- Genre: Comedy Sci-fi Adventure
- Created by: Jacques Rouxel
- Directed by: René Borg
- Narrated by: Claude Piéplu
- Opening theme: Philippe Beetz
- Composer: Robert Cohen-Solal
- Country of origin: France
- Original language: French
- No. of seasons: 4
- No. of episodes: 208

Production
- Producers: Animation Art graphique Audiovisuel (aaa) (seasons 1-4) Office de Radiodiffusion Télévision Française (seasons 1-3) StudioCanal Turner Broadcasting System Europe (season 4)
- Running time: 2/3 minutes (approx. per episode)

Original release
- Network: TF1 (season 1-3) Canal+ Cartoon Network France (season 4)
- Release: April 29, 1968 – 2000

= Les Shadoks =

French animated television series

Les Shadoks (/fr/) is an animated television series created by French cartoonist Jacques Rouxel (26 February 1931 – 25 April 2004) and broadcast in 1968–1974.

==Synopsis==
The Shadoks were bird-like in appearance (in the tradition of cartoon birds they had beaks with teeth), were characterised by ruthlessness and stupidity and inhabited a two dimensional planet. This planet was of irregular shape, which was continuously changing - causing major earthquakes - hence their desire to find a new home world.
There was a series of caves on the Shadok planet, known as the "Gulp" which was essentially a prison for undesirables.

One Shadok who stood apart from the others was the pirate - who was habitually drunk - and instead of the popular hobby of putting ships into bottles - he liked to put bottles into his ship.

Another set of creatures in the Shadok canon are the Gibis, who are the opposite to the Shadoks in that they are intelligent but vulnerable and also inhabit a two-dimensional planet. The Gibis were polite, always greeted each other formally, and kept their brains inside their bowler hats. The Gibi planet was a flat disc, finely balanced that if one Gibi went to one end of the planet; another would have to go to the far end to keep the planet balanced. Thus, the Gibis also wanted to find a new home world.

Ultimately, both saw the Earth as their ideal home - and both began to construct rockets to reach it.

The Shadoks were eventually able to leave their world thanks to the improved intelligence of one of their number; who happened to find a hat which one of the Gibis had lost.

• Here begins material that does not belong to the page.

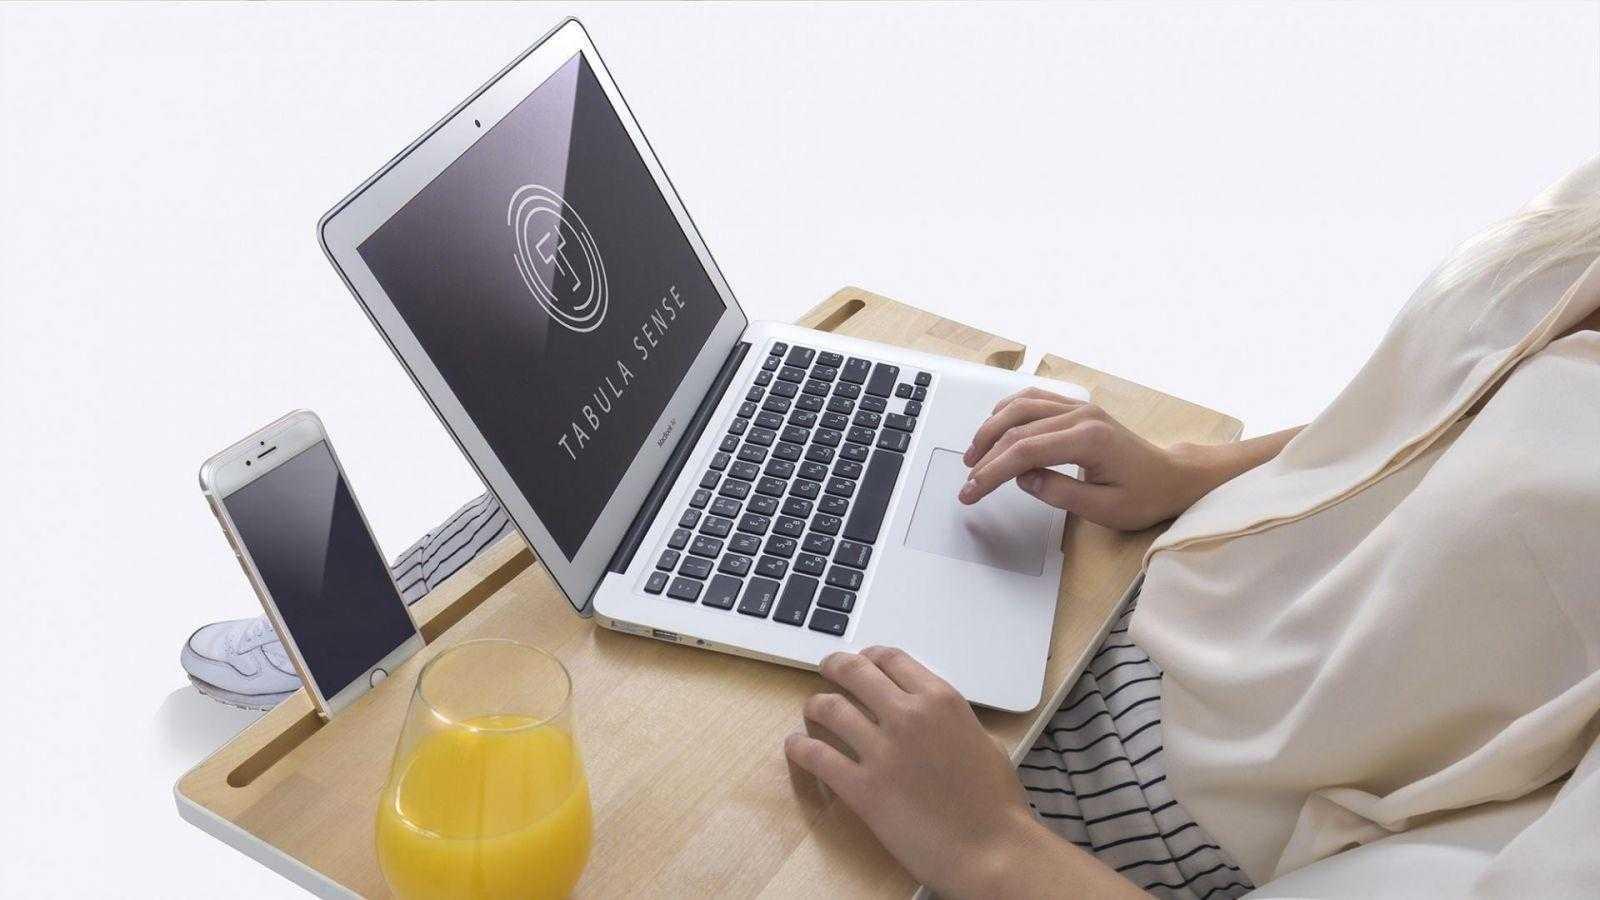 IMG 4466 1 - Российская компания Tabula Sense выпускает мебель для гиков

Once both races reached Earth, much mayhem followed and they eventually realised it was not the ideal home they first thought.

==Production==
Rouxel claims that the term Shadok obtains some derivation from Captain Haddock of Hergé's The Adventures of Tintin and the Gibis (who wear Bowler hats, which unlike their heads, contain their brains) are essentially GBs (Great Britons).

==Legacy==
The Shadoks were a significant literary, cultural and philosophical phenomenon in France and the French occasionally use satirical comparisons with the Shadoks for policies and attitudes that they consider absurd. The Shadoks were noted for mottos such as:
- "Why do it the easy way when you can do it the hard way?"
- "When one tries continuously, one ends up succeeding. Thus, the more one fails, the greater the chance that it will work."
- "If there is no solution, it is because there is no problem."
- "To reduce the numbers of unhappy people, always beat up the same individuals."
- "Every advantage has its disadvantages and vice versa."
- "If there is one chance out of a 1000 to succeed, rush failing the 999 first tries."
- "And the shadoks pumped, pumped, pumped..."

==About the Shadoks==
The Shadoks have four monosyllabic words in their language: "Ga", "Bu", "Zo", "Meu" (French spelling). But their brains only have four cells, so if they had to learn a new word (e.g. "Ni"), they would only remember the last four ones heard.

==Broadcast==
In 1973, The Shadoks appeared on Thames Television, London's ITV company (later replaced by Carlton Television), in the early evening. Kenneth Robinson provided the narration in English.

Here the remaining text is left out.